If anything, the consumers who use Alexa have treated it even more like a person than Amazon expected, a fact that it can monitor by keeping track of what they ask for in aggregate. For instance, 13,000 more users have asked Alexa who it’s voting for than have asked who they should vote for, which the company sees as a sign that the service’s personality matters. (For the record, Alexa responds to “Who should I vote for?” with “You should vote for the candidate who best reflects your views and has the best policies” and to “Who are you voting for?” with “There are no voting booths in the cloud—believe me, I’ve looked…It’s all just ones and zeroes up here.”)

“Big data can get you great information, but then customers are also telling us what’s important to them,” Reid says, noting that a U.K. customer was nonplussed that Alexa can’t sing “Happy Birthday” there. (In the U.S., it can.)

Users might care about playful answers and songs, but the next frontier for services such as Alexa is interacting in ways that feel less like automated responses to commands and more like genuine human interaction. That’s a basic research problem rather than something any one company is likely to fully achieve on its own. So in September, Amazon announced the Alexa Prize, an annual competition, with up to $2.5 million in prizes, in which university students will try to create bots that can intelligently chat about topical matters for 20 minutes.

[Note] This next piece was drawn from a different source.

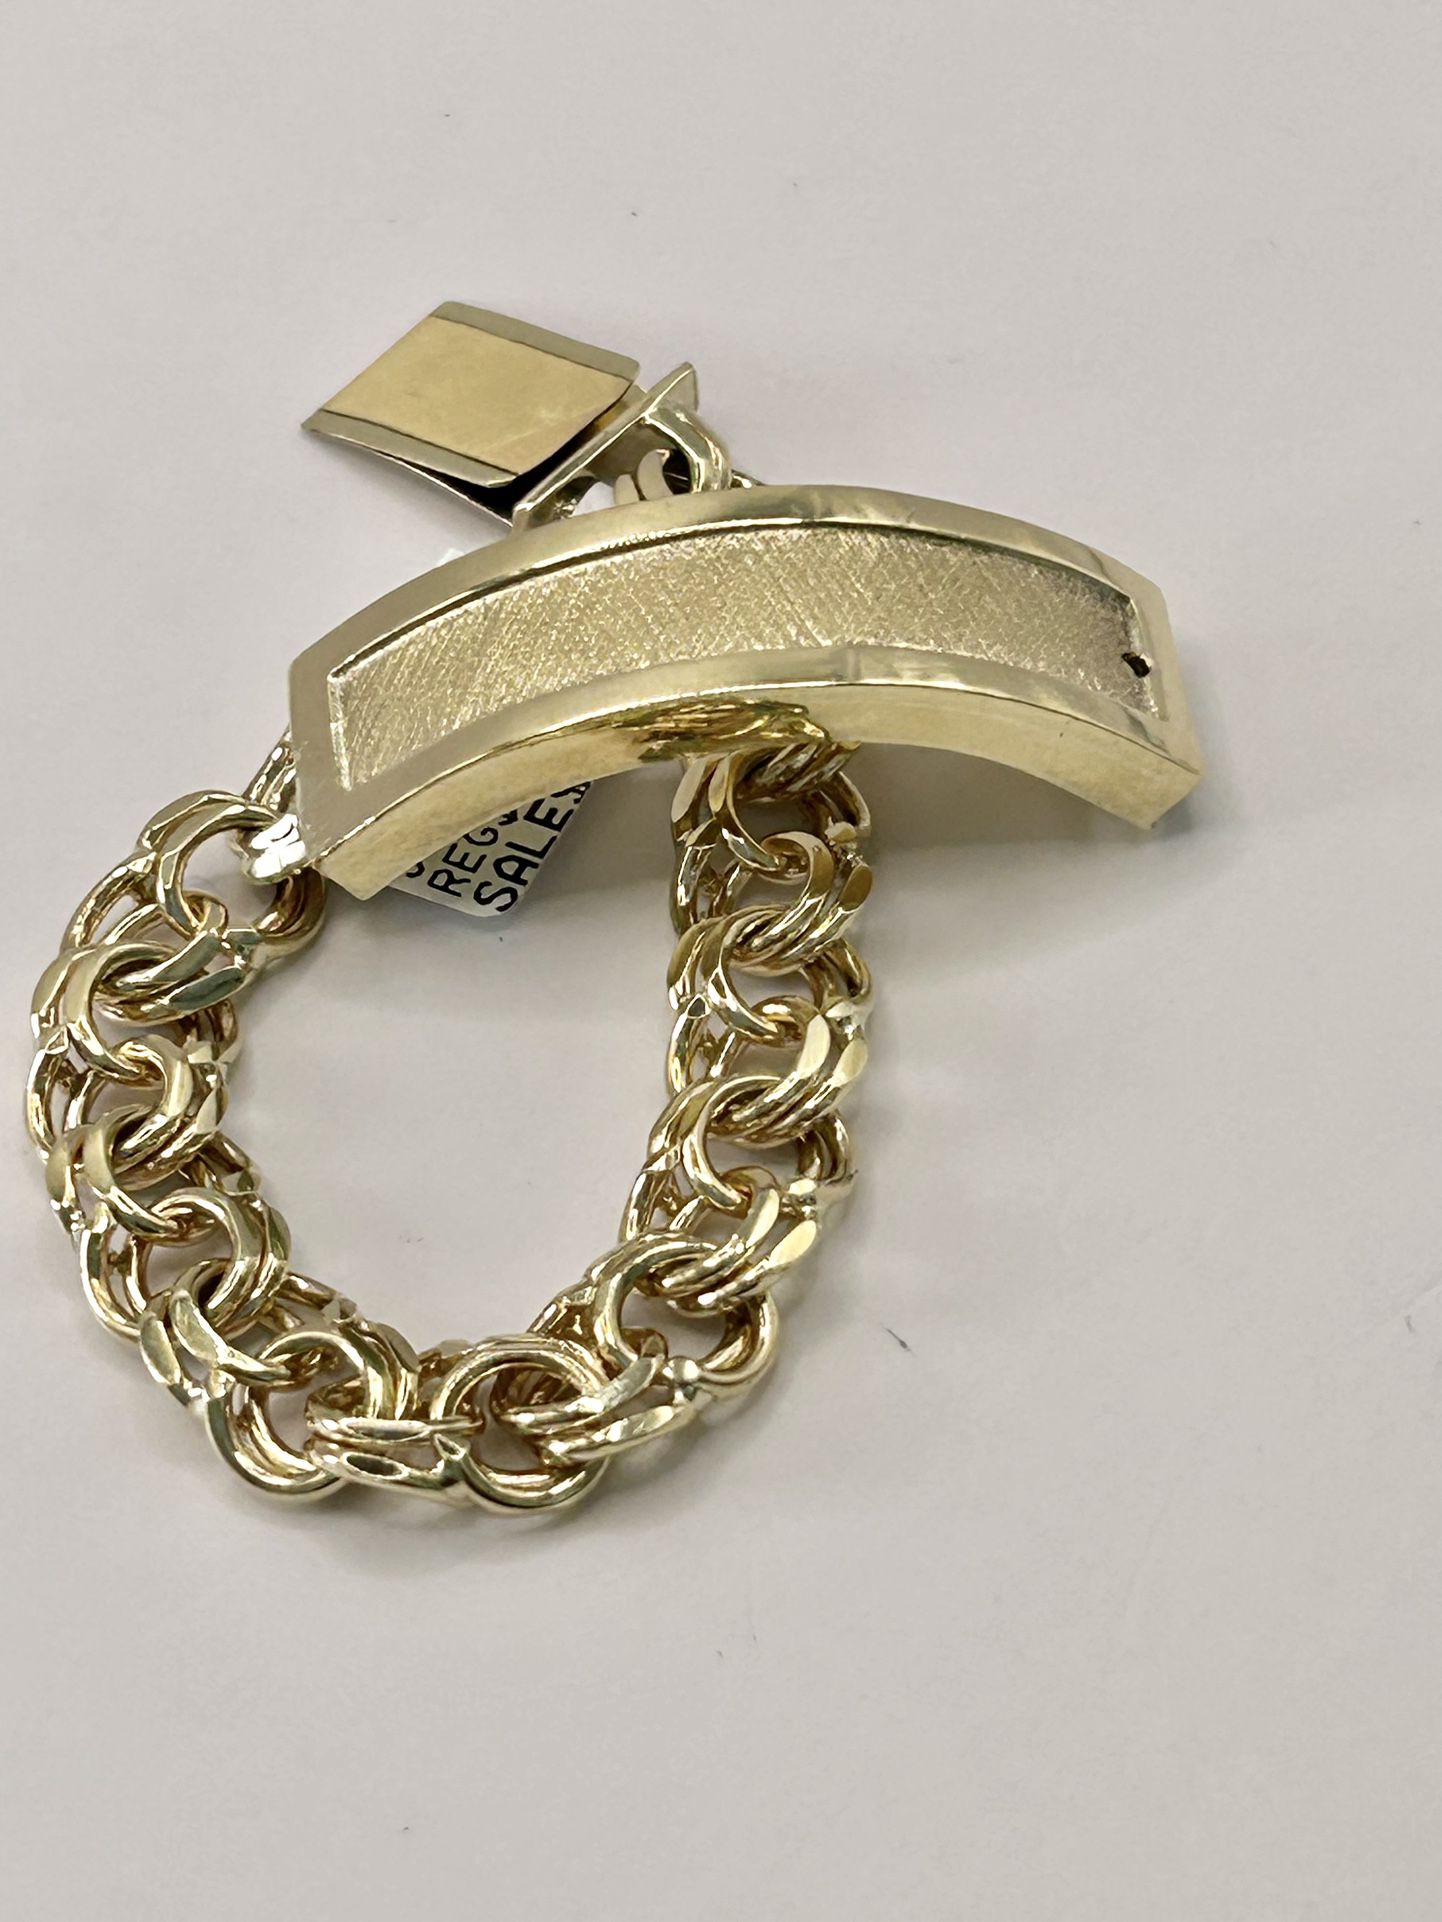 Yaris Chain Link Bracelet – Baby Gold

The scenarios that Amazon aims to help create with this contest, says Prasad, are “pushing the boundaries, not just in terms of personality but how you interact, in a setting where you can have more long-term discussions, rather than this transactional nature of interactions, where you say ‘play music,’ but you’re not actually engaging in a full conversation. That’s where we’re going next. “

That sort of ambition will be necessary if Alexa and the devices that run it are to remain trendsetters. Google’s Home speaker, powered by its Google Assistant service, is unmistakably an attempt to out-Echo the Echo, and is getting respectable reviews. Rumor also has it that Apple is working on an Echo-esque device, a move that would make Siri and Alexa into direct rivals. Microsoft, Samsung, and other companies with the wherewithal to compete in the voice-assistant game are presumably also hatching plans to take on Alexa and the Echo.

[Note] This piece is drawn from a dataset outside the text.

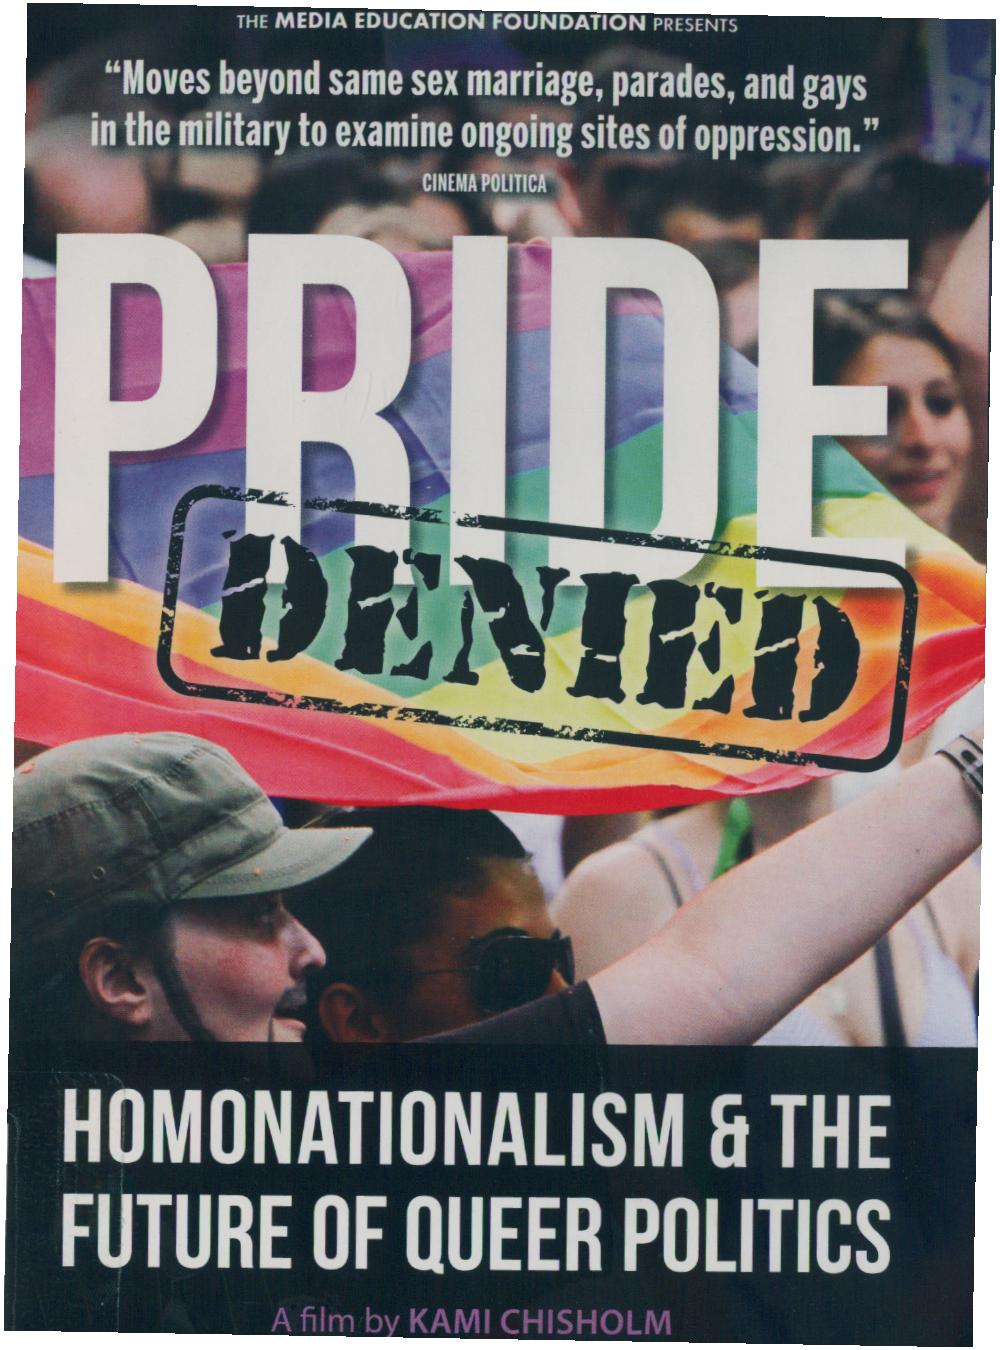 Pride Denied: Homonationalism & the Future of Queer Politics video jacket

The other companies whose products fall into the same ballpark as Alexa and the Echo “are building some interesting things,” Reid says. “We want to understand where our gaps are relative to common experiences. What are they doing, and doing better than we are?”

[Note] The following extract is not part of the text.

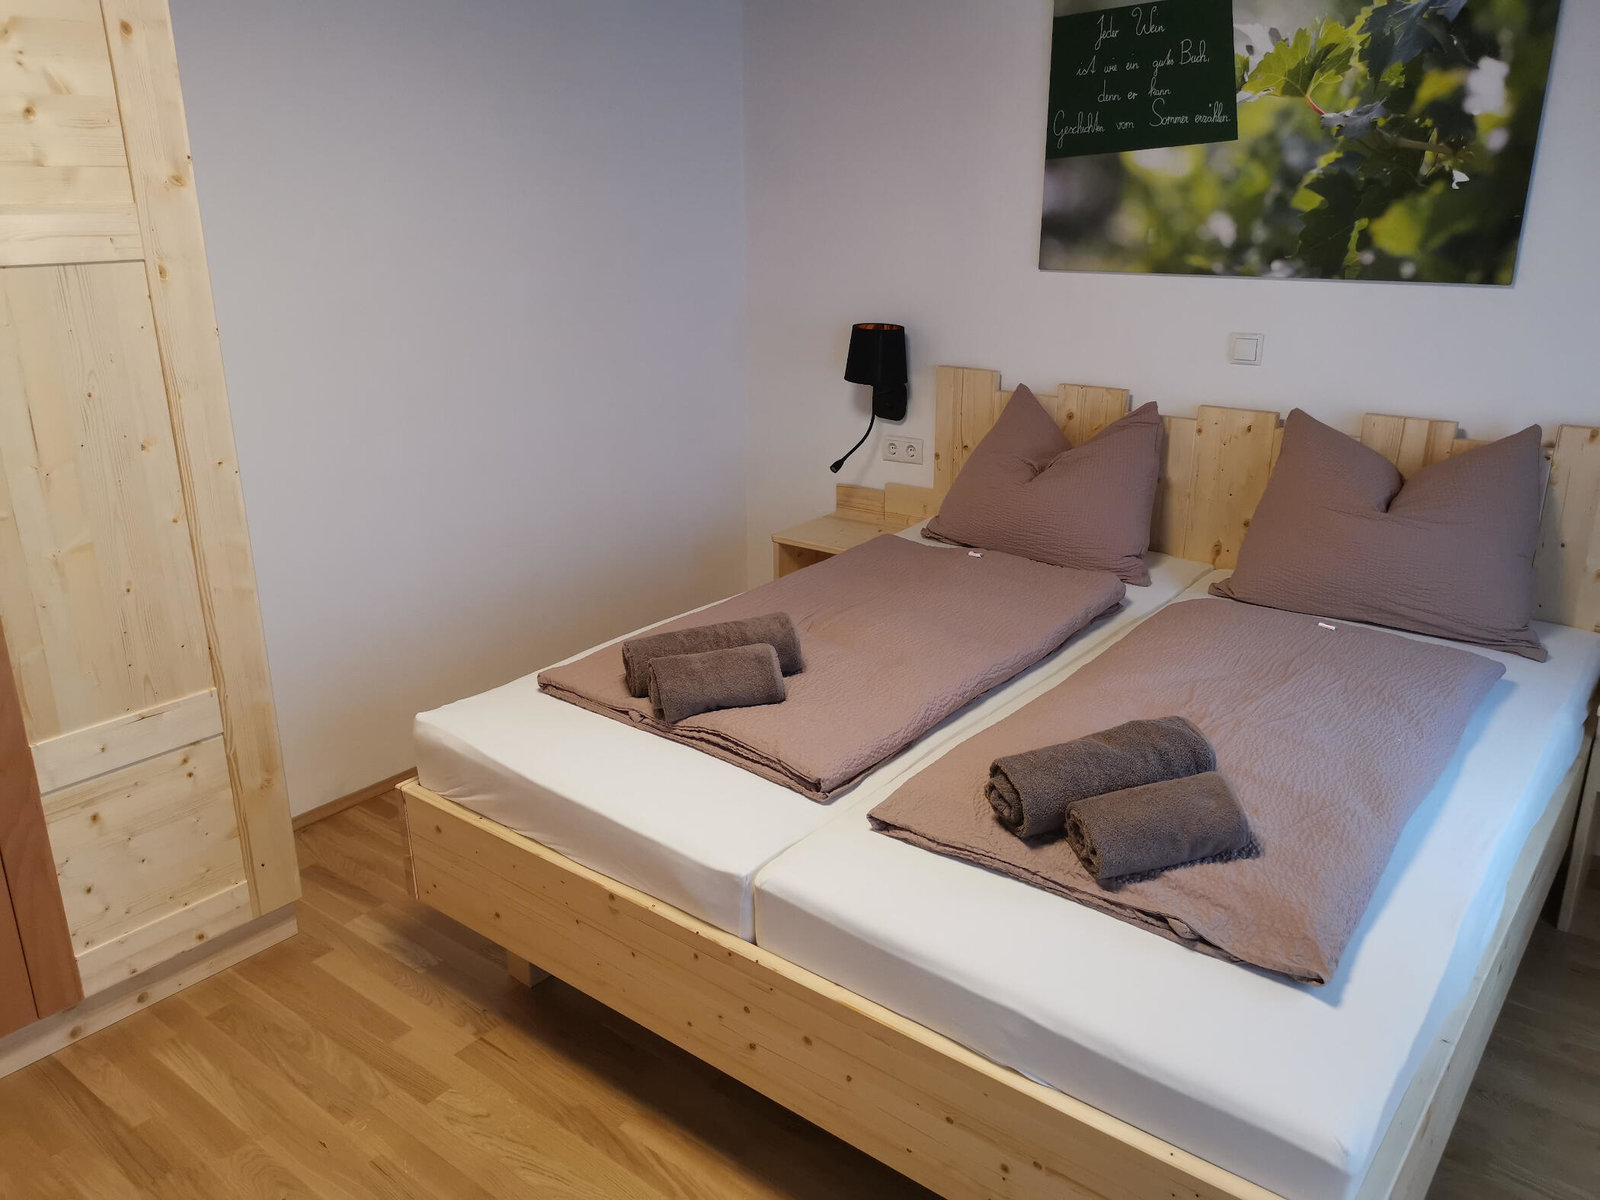 Doppelbett aus Holz

Still, like virtually any other big-company executive you might ask about the competitive landscape, Reid and Prasad emphasize that they don’t obsess over what others are doing. “We have our own roadmap,” says Prasad. “We have a bunch of features we want to get done for our customers. That’s what we worry about mostly, daily.”

When Alexa and the Echo were still just ambitious ideas rather than shipping projects, he adds, “my own team felt like we had a nine out of 10 chance of making this work. I felt that if we were able to solve the technical problems, we’d have a new category that we’d created.”

Prasad was right—and the fact that the category Amazon created has become one of the hottest ones in tech is one reason why the next two years for these products promise to be even more eventful than their first two.